As I was watching the last session of General Conference it seemed that every story shared about trials and pain were so different than mine. I have not yet known the anguish of having lost a spouse. Or the tragedy that natural disasters leave in their wake. I am blessed to have not yet had to deal with the questions and pain and what ifs of the death a child, or a life robbing illness.
But I have had to deal with the common denominator to all of these things.
I have been pulled down into the darkest place that can exist on this earth. The thick black that will suffocate any light. The darkness of having no hope.
My husband is an addict. His drug of choice is prescription pain killers. I am a co-dependent which means that my drug of choice is my addict husband. Through many miracles we have been brought back into the ever loving arms of our Savior again. Through his Atonement we have found hope and recovery.
My husband was an addict before we met. When I found out, I decided I was going to save him. As hard as I tried I couldn’t save him. He couldn’t even save himself. The only person that is mighty enough to save is Jesus Christ.
After fighting a loosing battle for more than 10 years he had exhausted every option that he had trying to help himself. Every option but the one that worked.
We began attending the LDS Family Services Addiction Recovery Meetings.
To say that they changed our lives is a massive understatement.

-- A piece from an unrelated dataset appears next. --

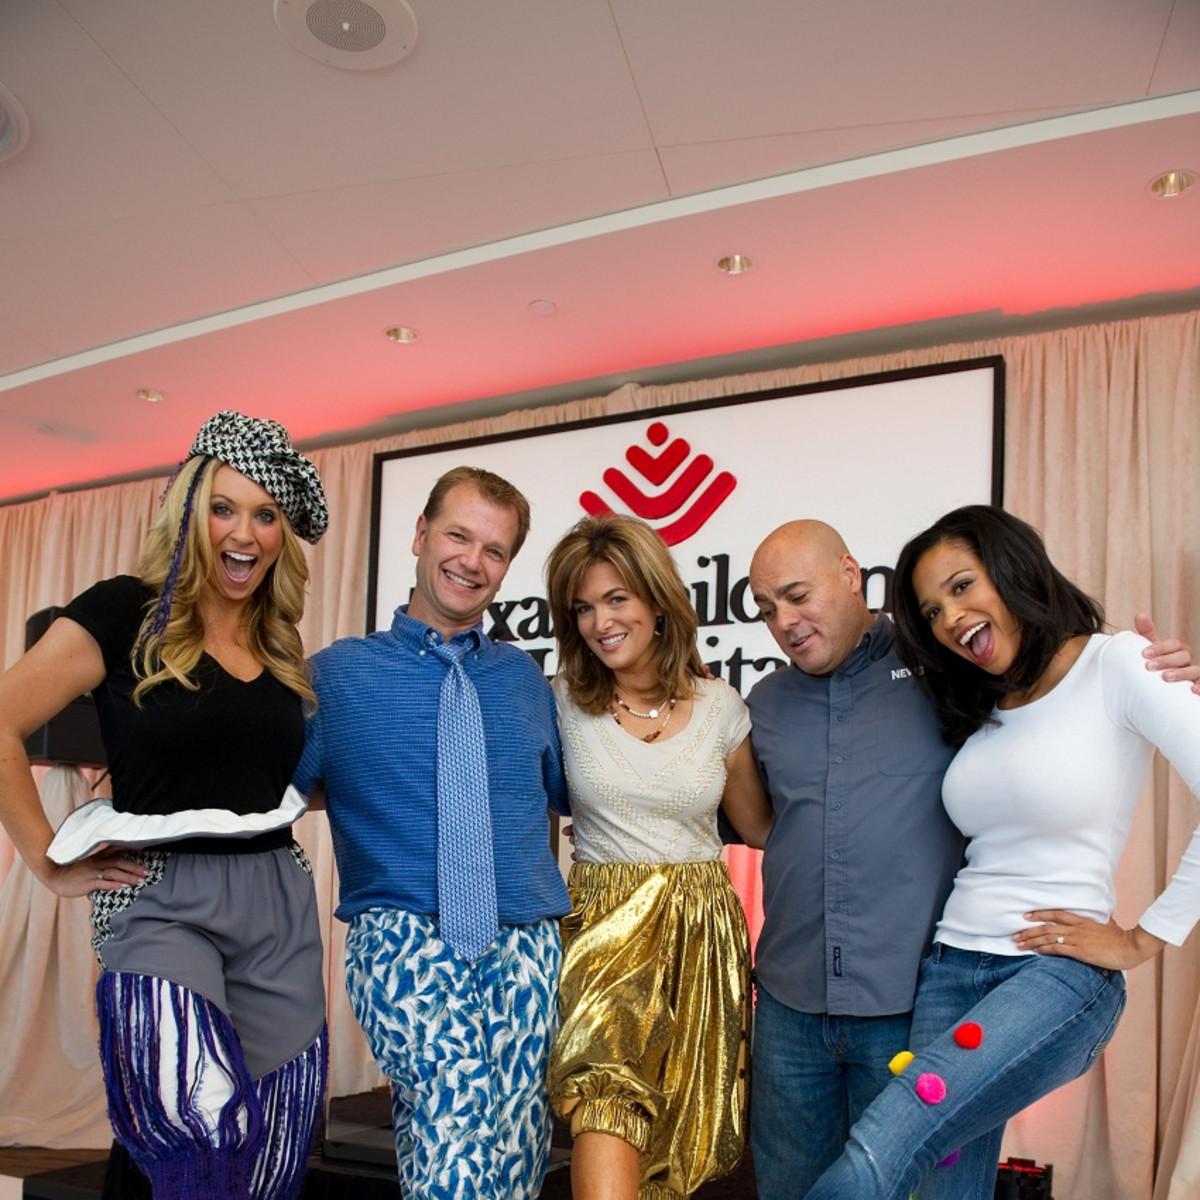 Bad Pants Fashion Show, Chita Johnson, Ned Hibberd, Jorge Vargas, Melissa Wilson, Mia Gradney, Texas Children's Hospital, 2012

They gave us the chance to feel the spirit again. They gave us the tools that we needed to begin to understand the Atonement.
Now, we are getting ready to go through the Temple. The power of Christ has saved and healed our family. I often think about what it was like when my husband, Courtney, was finally sober. In the very beginning we were so broken, starved for hope and had grown accustomed to the darkness. It was so easy to put aside our pride and realize how much in control of our lives the Lord truly was. I could feel his protection and his arms around me, healing me from within. Nursing our family back to health. Now we are healthy, we are grateful and we have many great adventures ahead of us.
See, the people that I spoke of at the beginning of this post are different from me. The actual trials are not like mine. But all that is unique is the simple fact that we take different paths to end up in the same place -- At the feet of our Savior.
Heavenly Father loves each of us enough to bless us with a way to understand the real reason that we are here, to bring us back to Him. I am grateful for addiction and tragedy. It, like a tornado, destroys our lives, and tears them completely apart. Painfully it reminds us daily of the utter mess that we have made in every single aspect of our existence. The unmanageable and complete chaos consume everything, but because of that it also shows us that He is the ONLY ONE that can put them back together again. Stronger for next time because we have been reinforced with miracles and understanding from The One who loves us regardless of what we have done.
We all have to go through things that surely will bring us to our knees. But isn’t that the point?